Custom Function List, help needed
-
Hi
I’m trying to create a Function List for a custom language which looks a lot like the functions from Excel. I’m having troubles with functions (classes?) that have optional comments between the name and the starting square-bracket.
Example of language:
SubString ~ This is a comment ~ [ GetValue["key"], 0, ~ This is another comment ~ IndexOf [ variable1, "," ] ]
From the above code, I would like to see 3 functions (or classes): SubString, GetValue & IndexOf.

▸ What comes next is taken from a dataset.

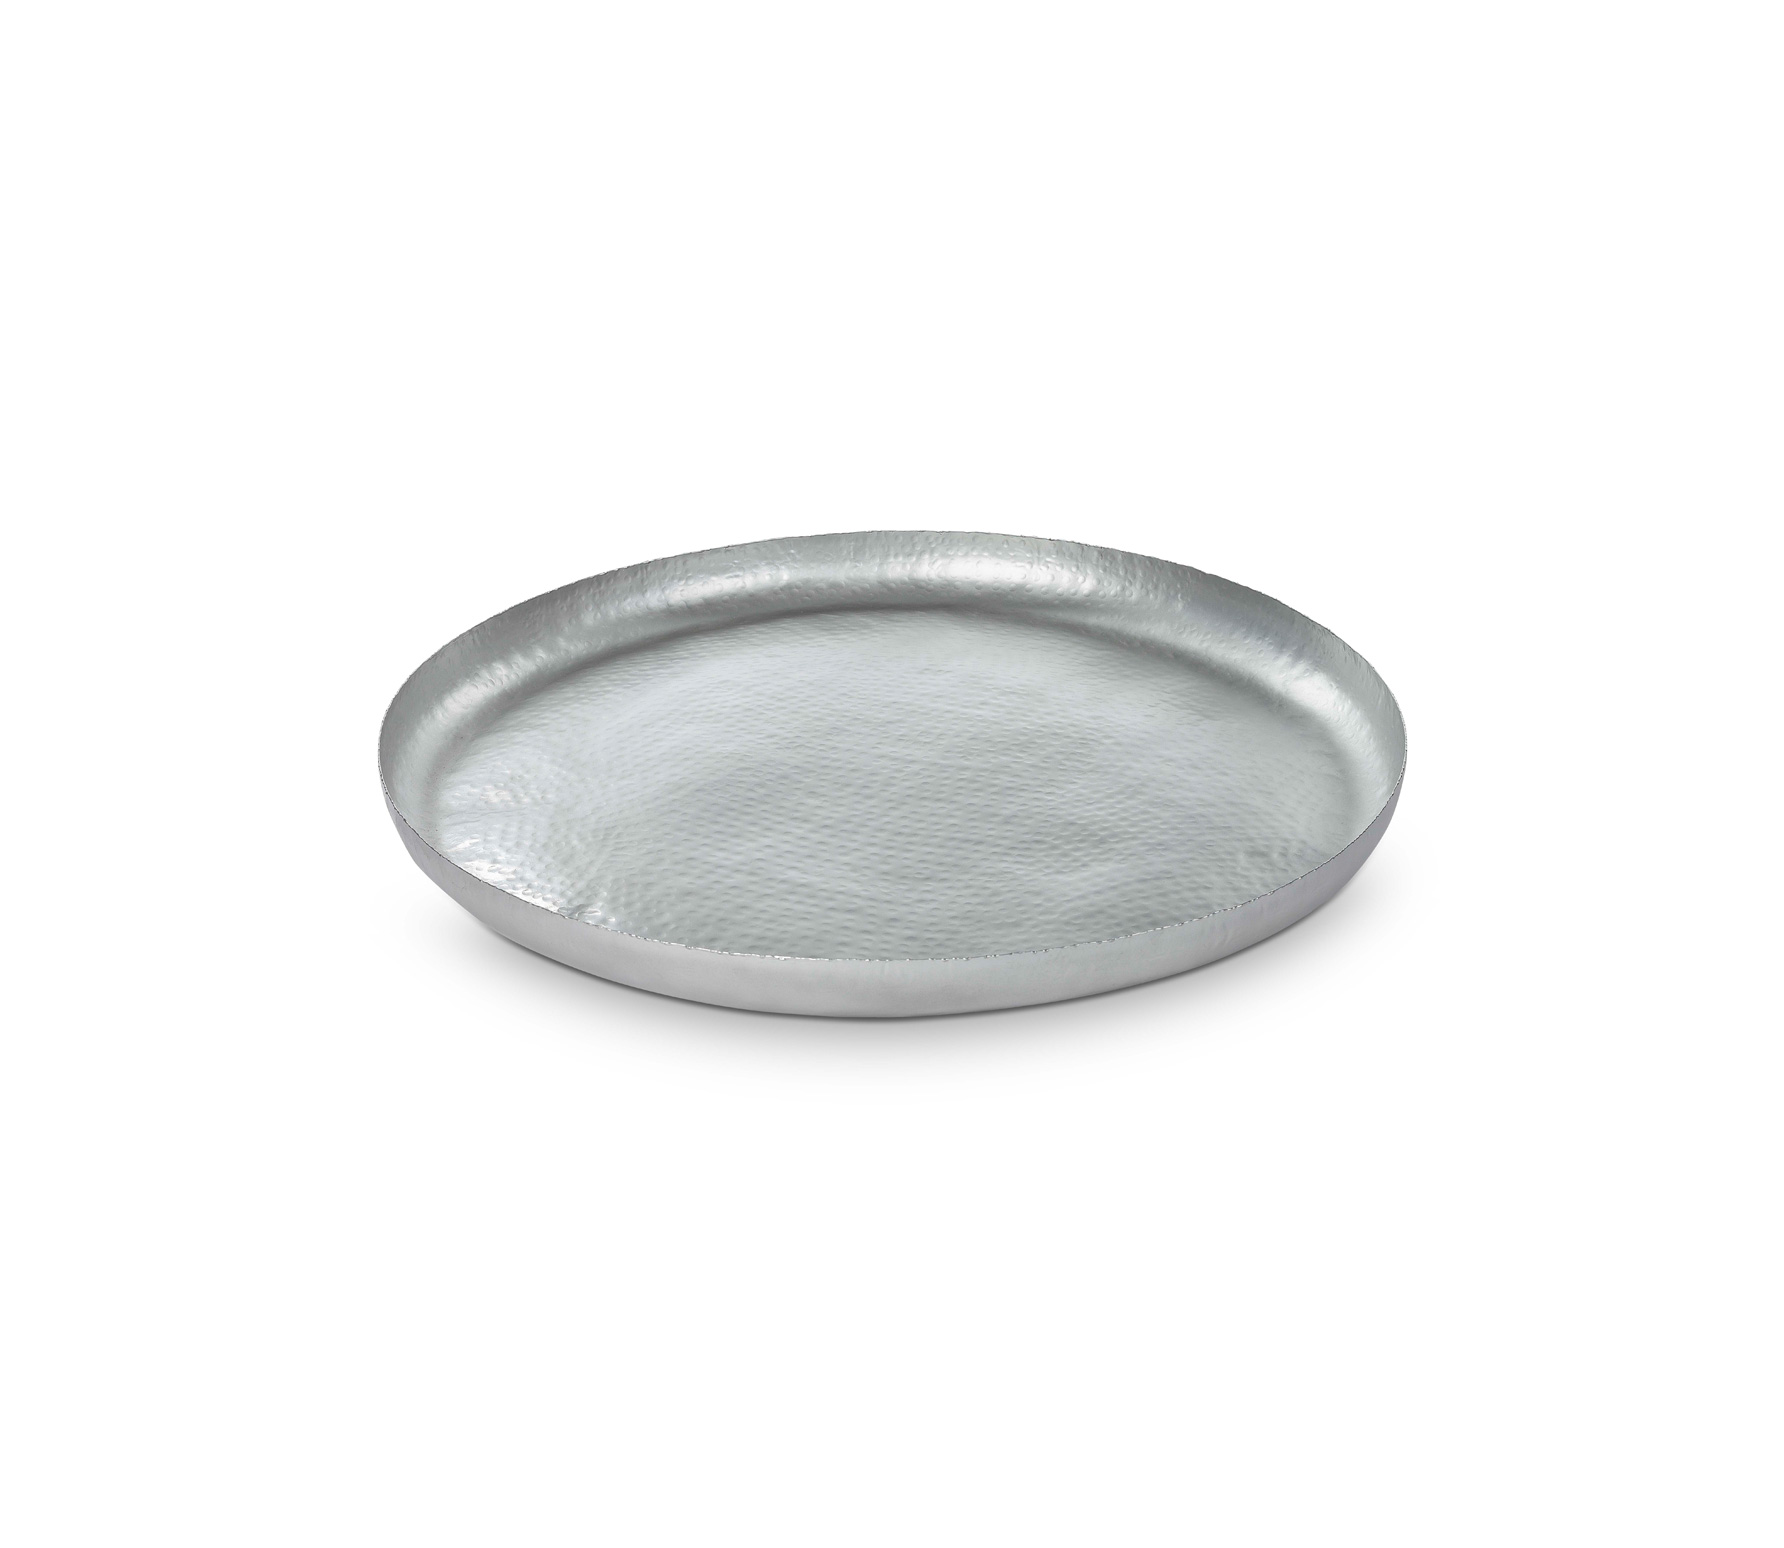 vtwonen dienblad zilver metaal diverse afmetingen Ø 70
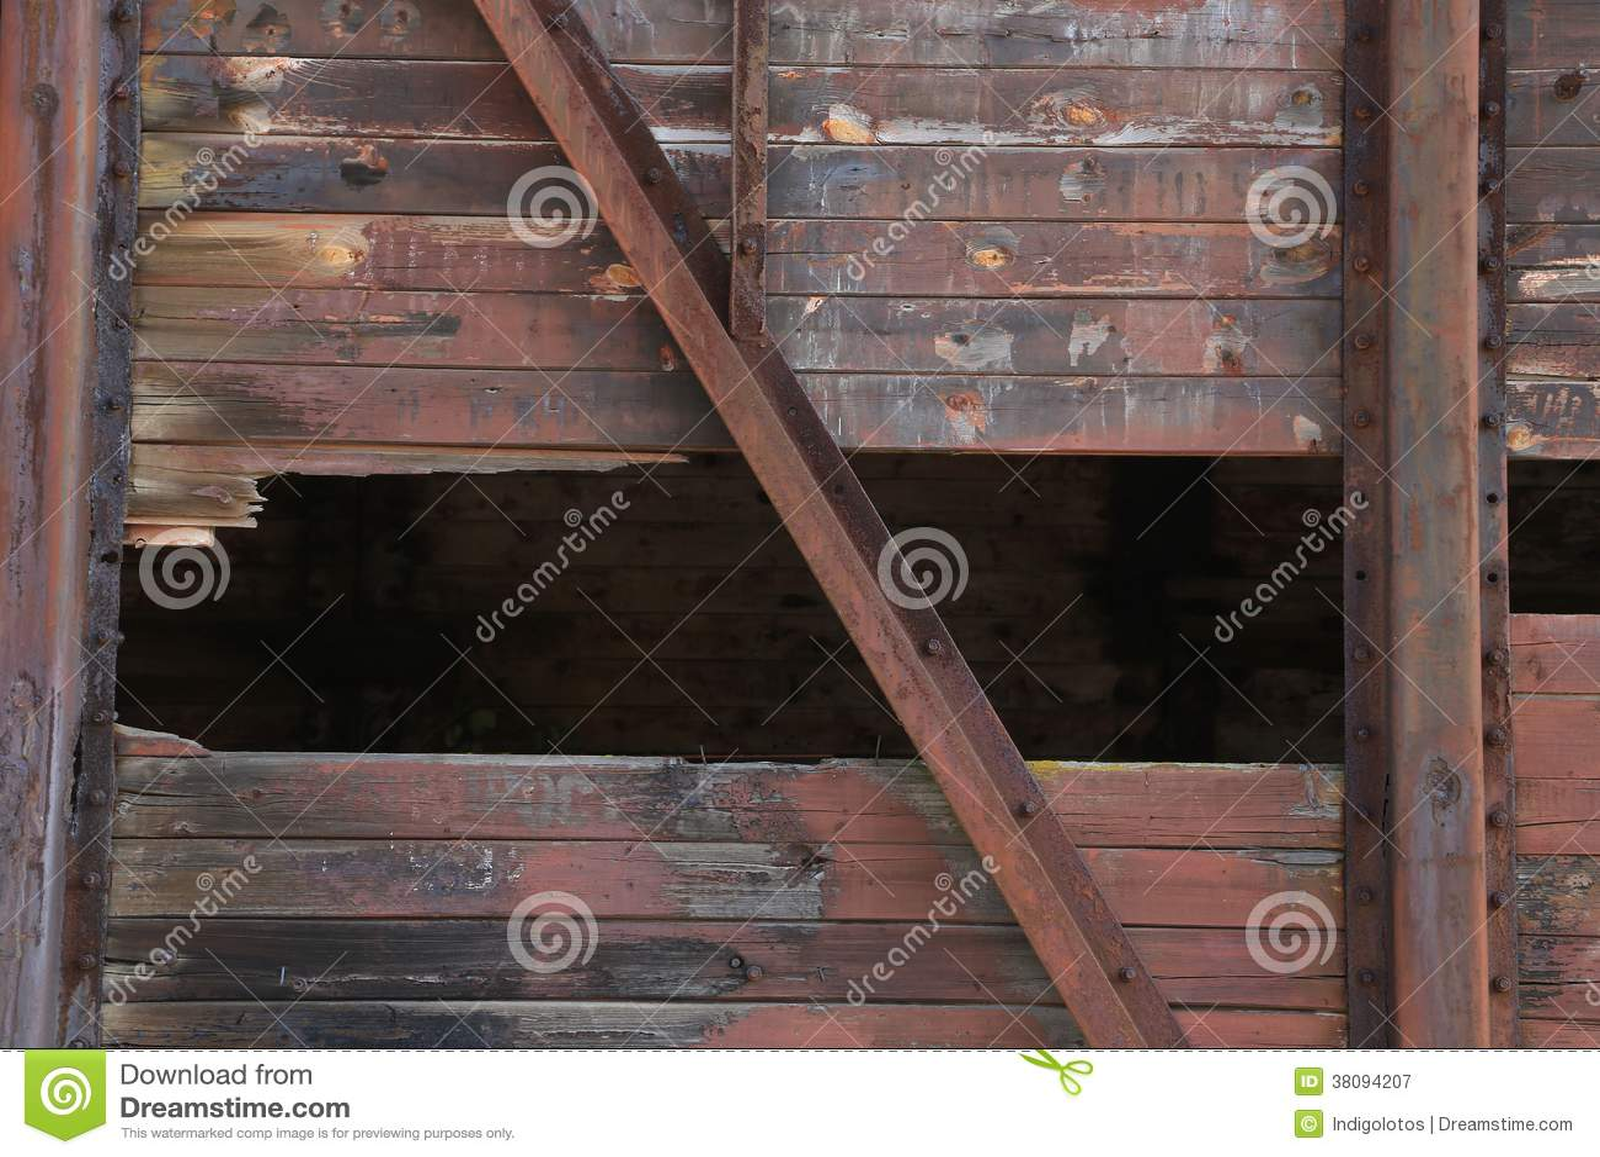 Σπασμένος καφετής ξύλινος τοίχος με τη σύσταση μετάλλων.

However, currently I only see GetValue and IndexOf.I haven’t been able to get classRange to work at all :( so the below Regex is from Function:
My mainExpr looks like this:
(?x) # free-spacing (see `RegEx - Pattern Modifiers`) (?im) # case-insensitive, ^ and $ match at line breaks ( [a-z0-9]+ # function identifier (?: \s* # possible whitespace (?:~.*~)* | # optional comments (?:\n?\r|\r?\n)* # possible newlines )* \[ # start of parameter list )
and expr like this:
[a-zA-Z0-9]+
I have been using https://regex101.com/ to test my Regex, from what I see there it should be working…
If the “levels” from classRange could be used to show which functions are within which, then that would be awesome … but if too many levels don’t work with Notepad++, then a simple function list would be fine :)
Thanks in advance for any and all assistance.
-
Since Npp’s function list only supports two nesting levels and your custom language seems to allow an unlimited number of nesting levels I recommend to use a function parser instead of a class parser.
In order to get a working function list you have to define a custom language as well (see
(menu) Language -> User Defined Language -> Define your language...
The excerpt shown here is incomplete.